Separately, the contribution of MRx0518 is supported by another study, in which MRx0518 is used as a neoadjuvant monotherapy, he added.

We have previously published results from this study showing that MRx0518 alone drives changes in the immune system, systemically and in the tumor microenvironment. Importantly these changes are known to be associated with an anti-cancer immune response, and emerging literature is showing that the immune environment being driven by MRx0518 is associated with better outcomes to treatments like checkpoint inhibitors. The data provides preliminary evidence that MRx0518 may help to overcome key mechanisms of resistance to checkpoint inhibitors.”

In terms of next steps in respect of this study, he said it will continue to enrol patients in RCC and the other tumor types to gather more data.

“We are also evaluating options to expand the pool of patients, for example including patients with primary resistance to ICIs, in addition to those with secondary resistance currently being enrolled. We will also be discussing with our partners and Advisory Board potential next steps regarding the development path of MRx0518 and a potentially pivotal study in patients with ICI-refractory RCC.”

LBPs are an emerging class of drugs, defined by the FDA as biological products that contain a live organism, such as a bacterium, that is applicable to the prevention, treatment, or cure of a disease. 

Clinical programs

4D pharma has developed a proprietary platform, MicroRx, based on its LBPs, which are orally delivered single strains of bacteria that are found in the healthy human gut. 

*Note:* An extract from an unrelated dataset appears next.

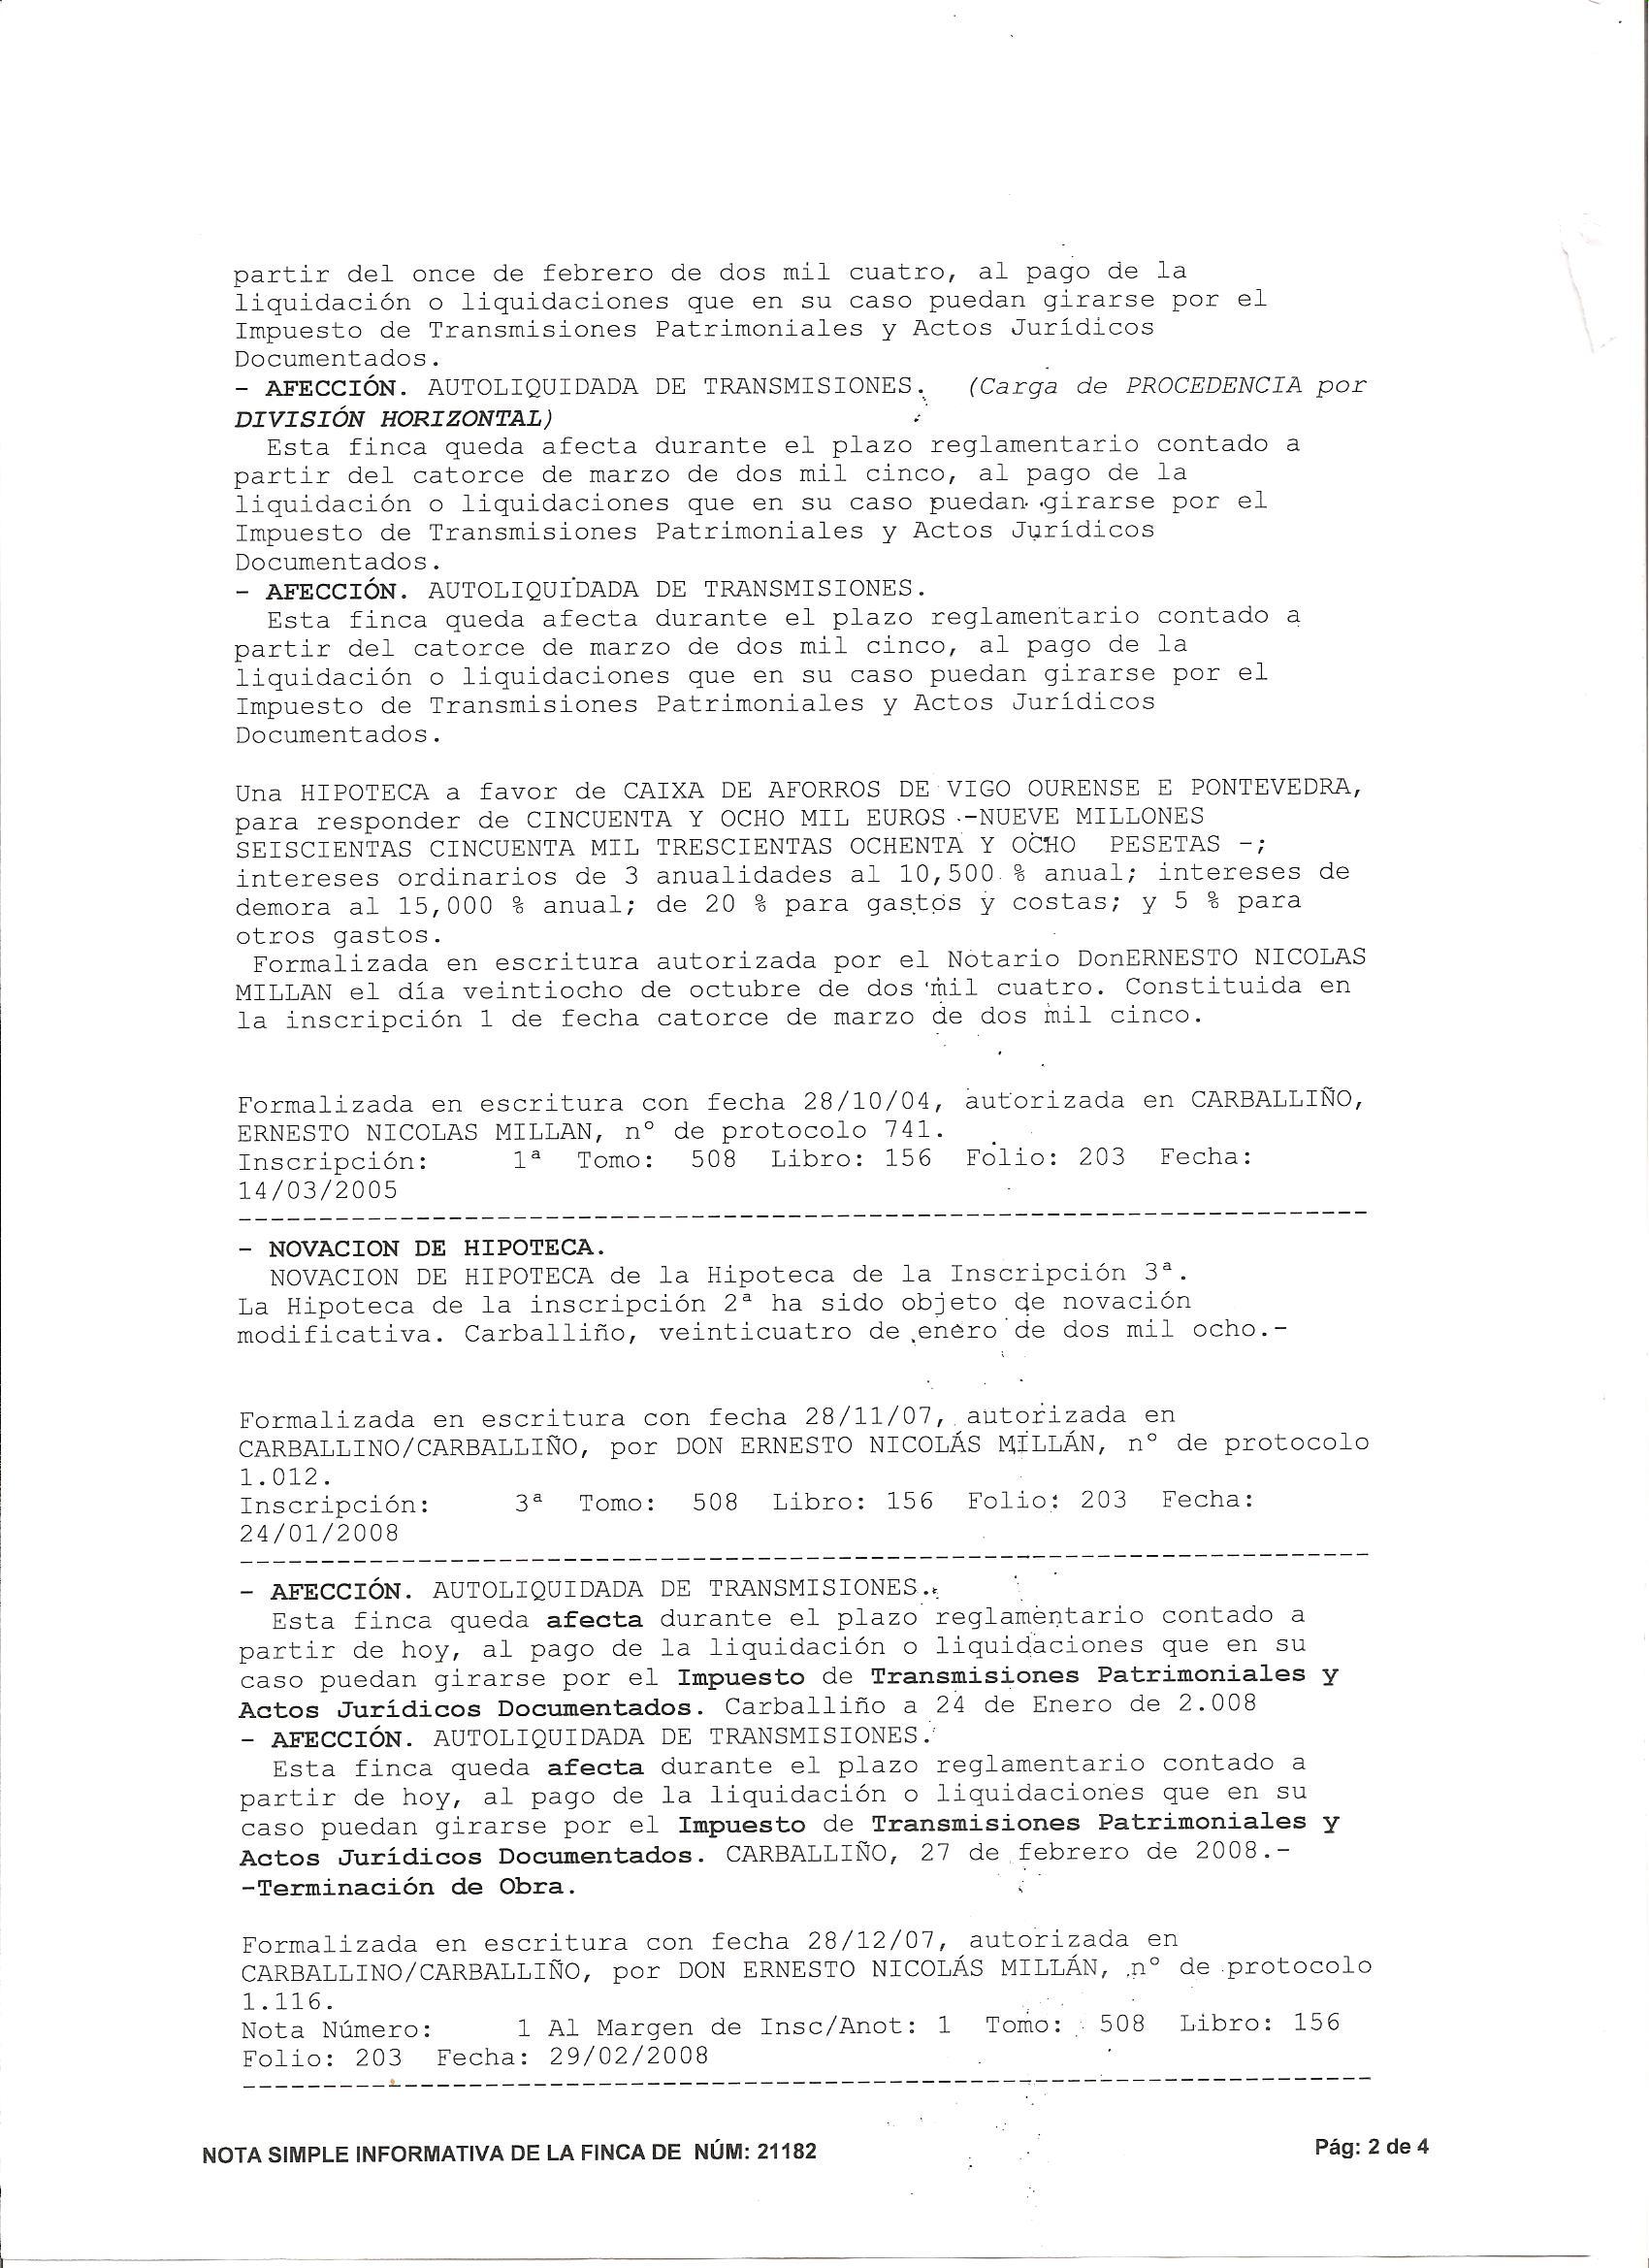 Foro de ayuda de cl usulas suelo irph gastos for Comprobar clausula suelo

The company has five clinical programs, the Phase I/II study of MRx0518 in combination with Keytruda in solid tumors, a Phase I study of MRx0518 in a neoadjuvant setting for patients with solid tumors, a Phase I study of MRx0518 in patients with pancreatic cancer, a Phase I/II study of MRx-4DP0004 in asthma, and Blautix in irritable bowel syndrome (IBS), which has completed a successful Phase II trial. A Phase I study of MRx0005 and MRx0029 in patients with Parkinson’s disease is set to get underway mid-2022.

Additional preclinical-stage programs include candidates for CNS disease, immune-inflammatory conditions and cancer. The company also has a research collaboration with MSD to discover and develop LBPs for vaccines.